**PROMPT**
Skip the pictures, and retype the data below in full, exactly.

**DATA EXTRACT**
((

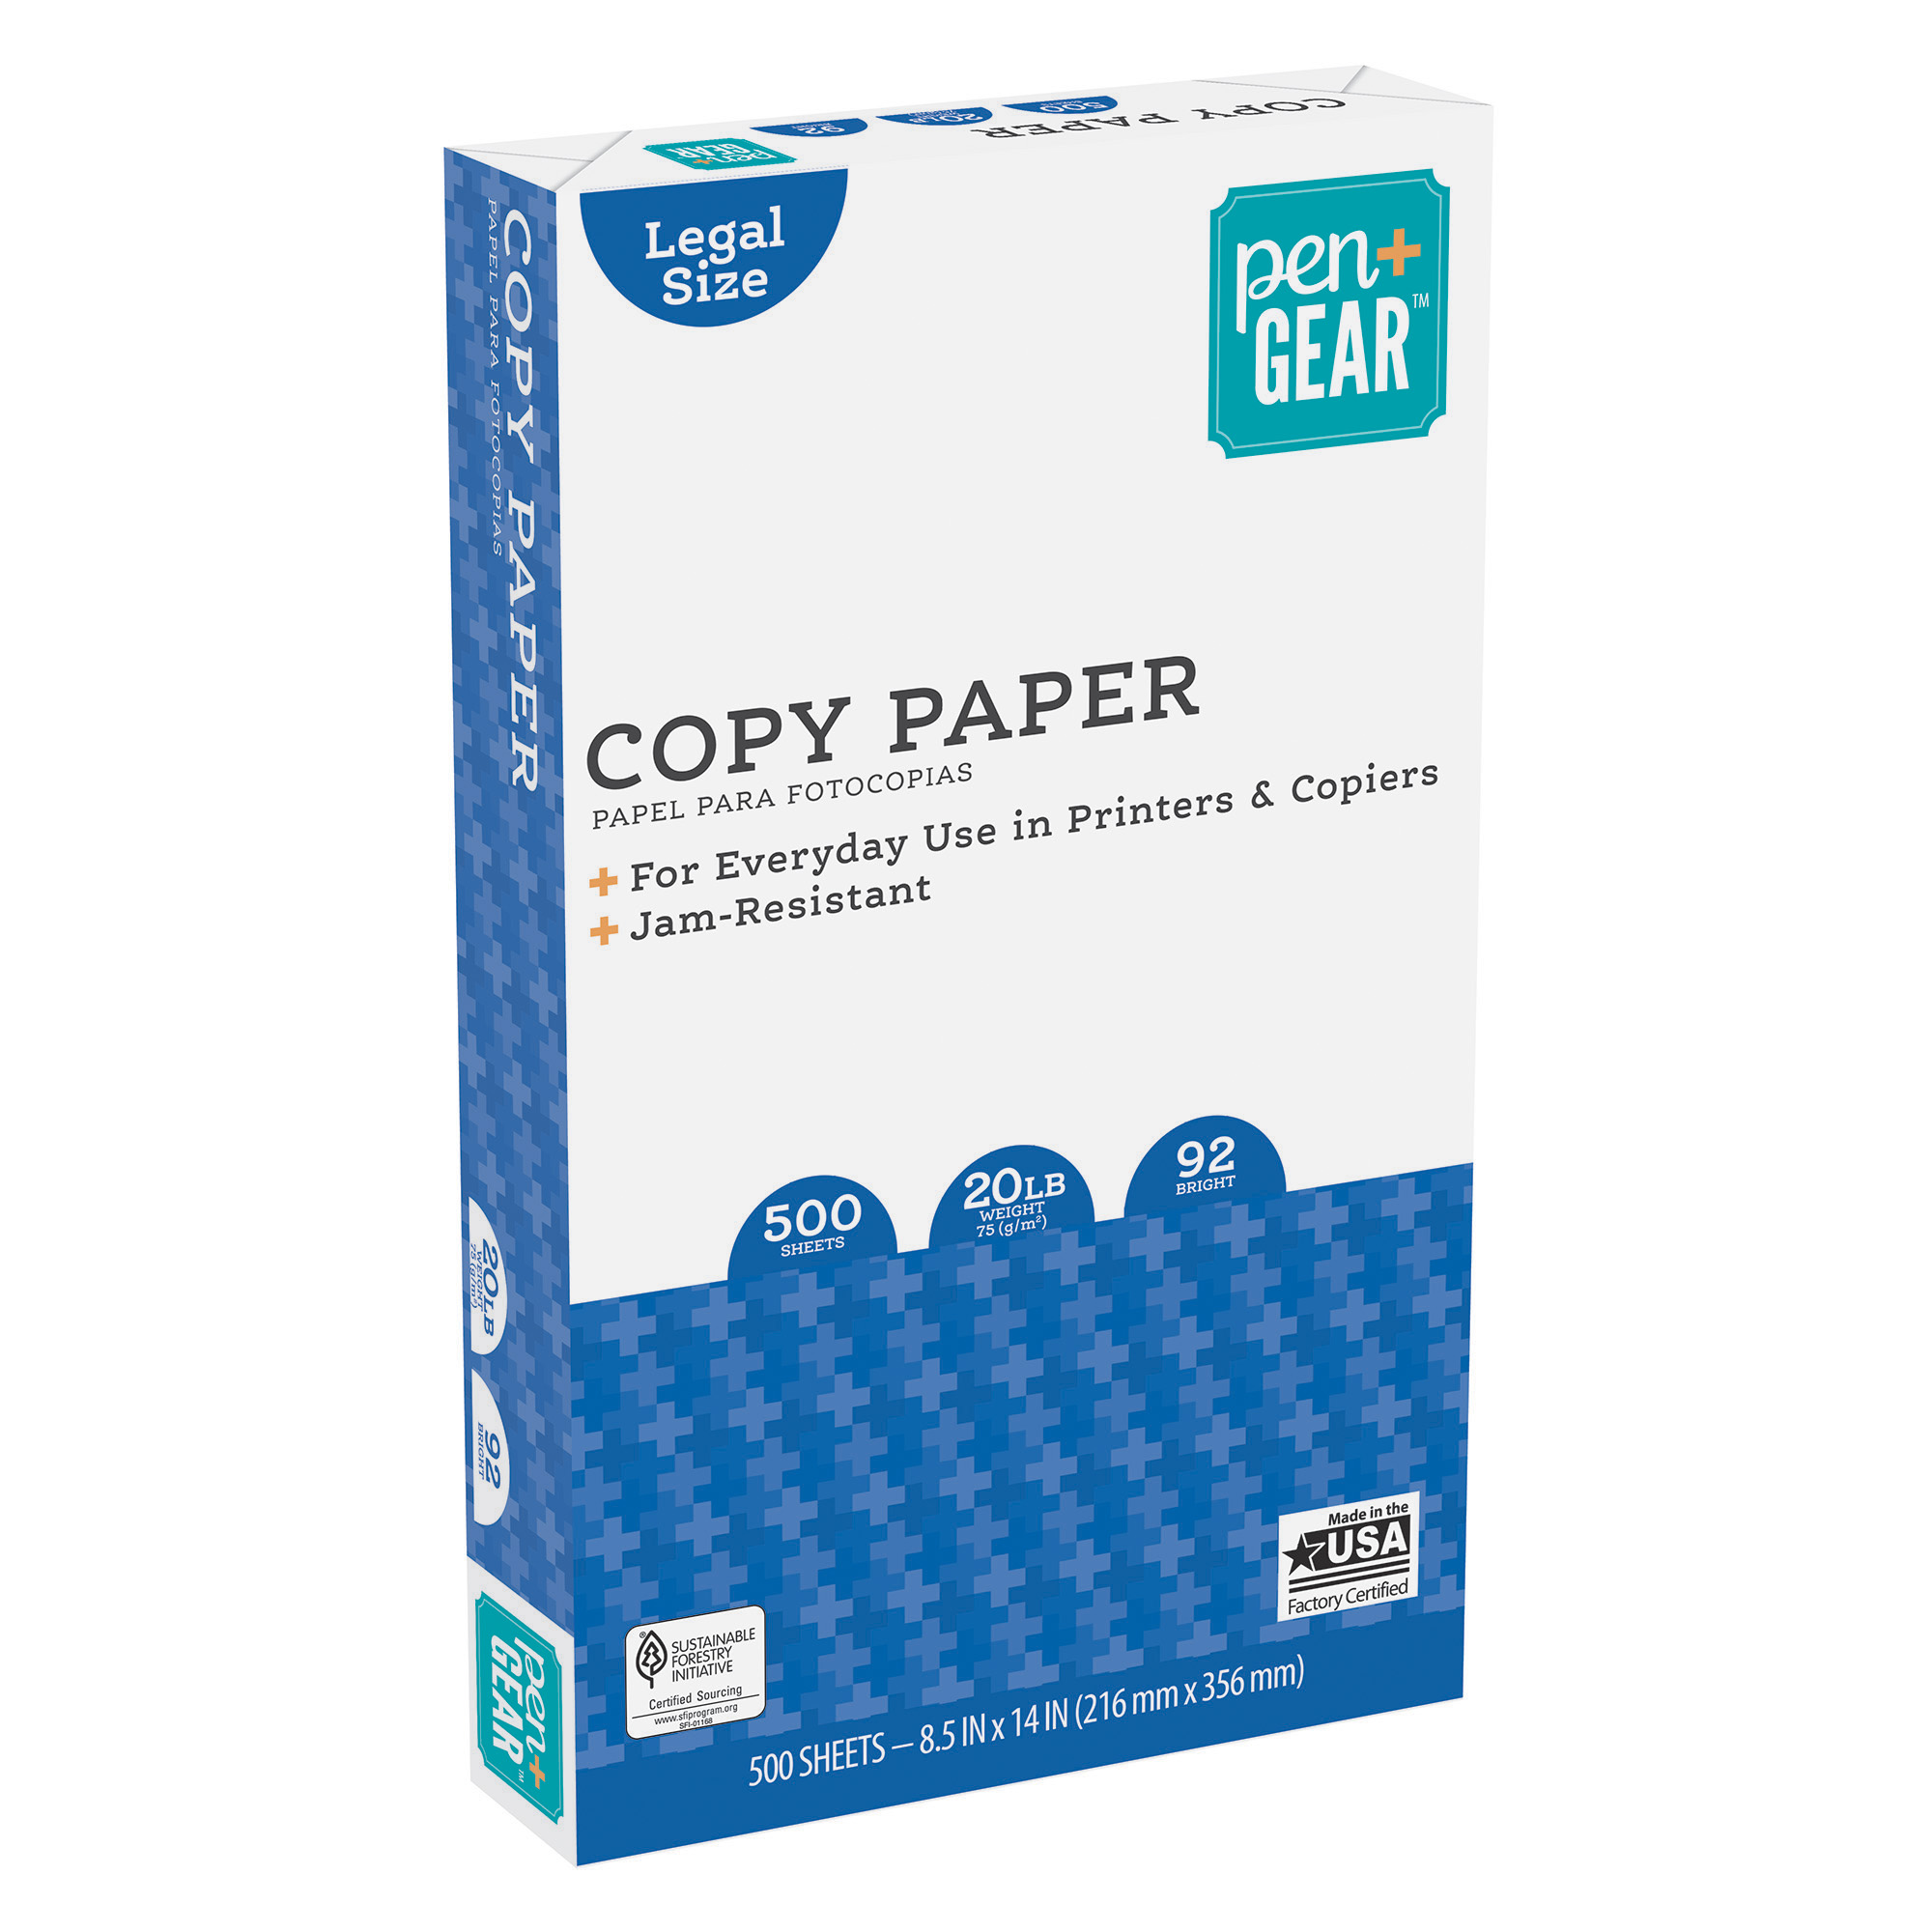 Pen+Gear Copy Paper, 8.5" x 14", Legal Size, 92 Bright, White, 20 lb., 1 Ream (500 Sheets) - image 1 of 8
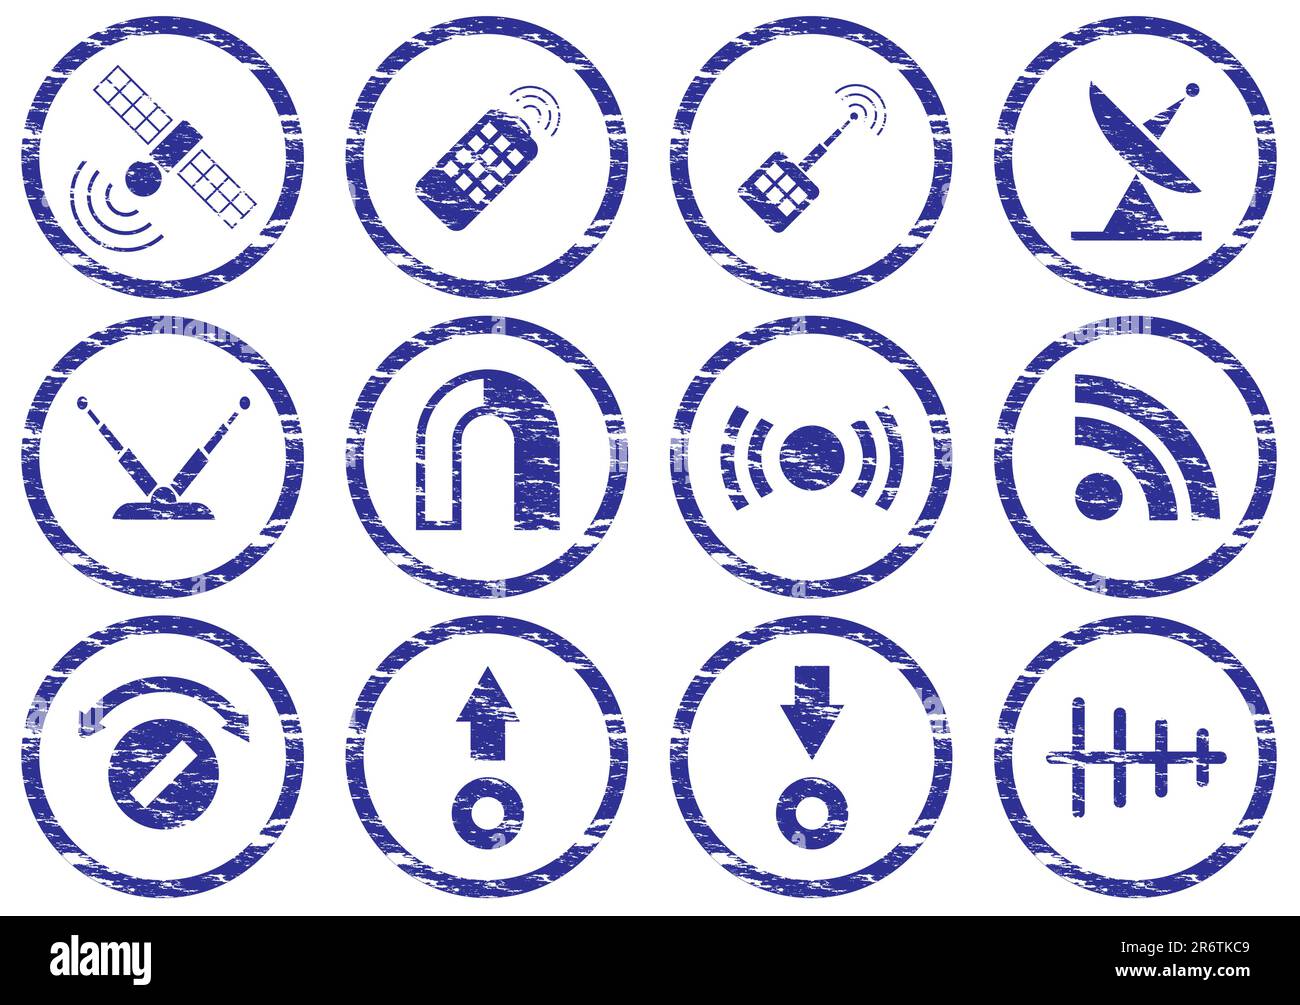 Gadget icons set. Grunge. White - dark blue palette. Vector illustration. Stock Vector
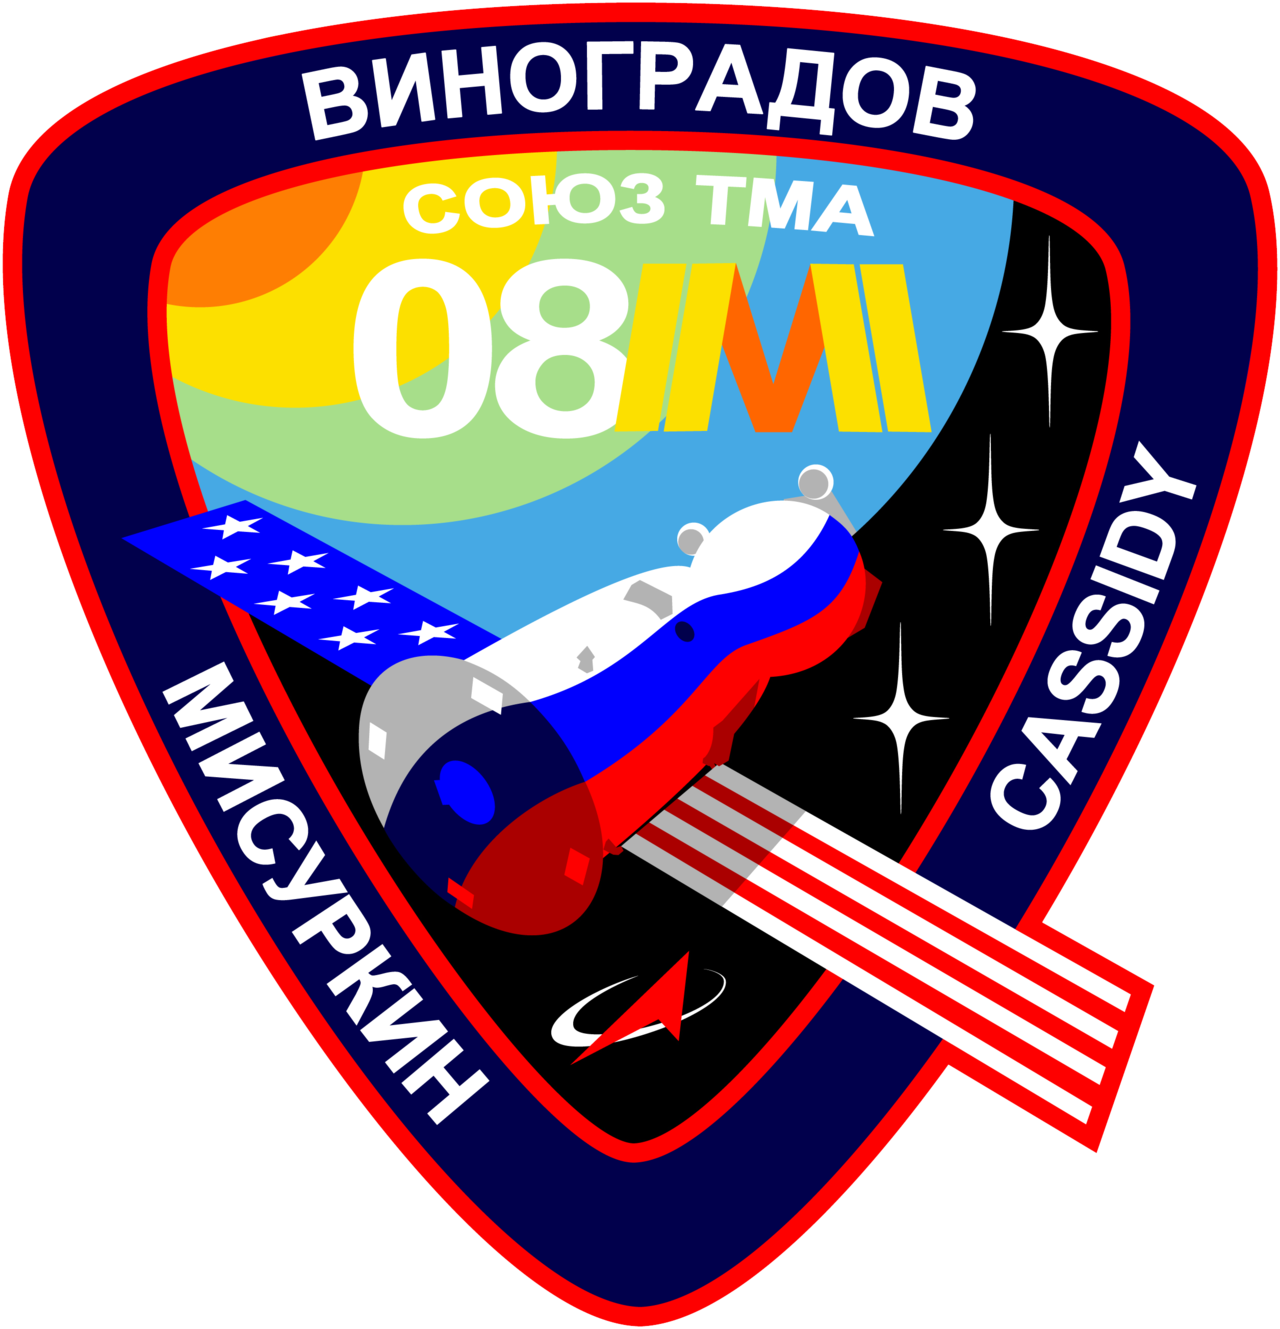 Mission patch for Soyuz TMA-07M

))

**ANSWER TO THIS PROBLEM**
 Pen+Gear Copy Paper, 8.5" x 14", Legal Size, 92 Bright, White, 20 lb., 1 Ream (500 Sheets) - image 1 of 8
 Gadget icons set. Grunge. White - dark blue palette. Vector illustration. Stock Vector
 Mission patch for Soyuz TMA-07M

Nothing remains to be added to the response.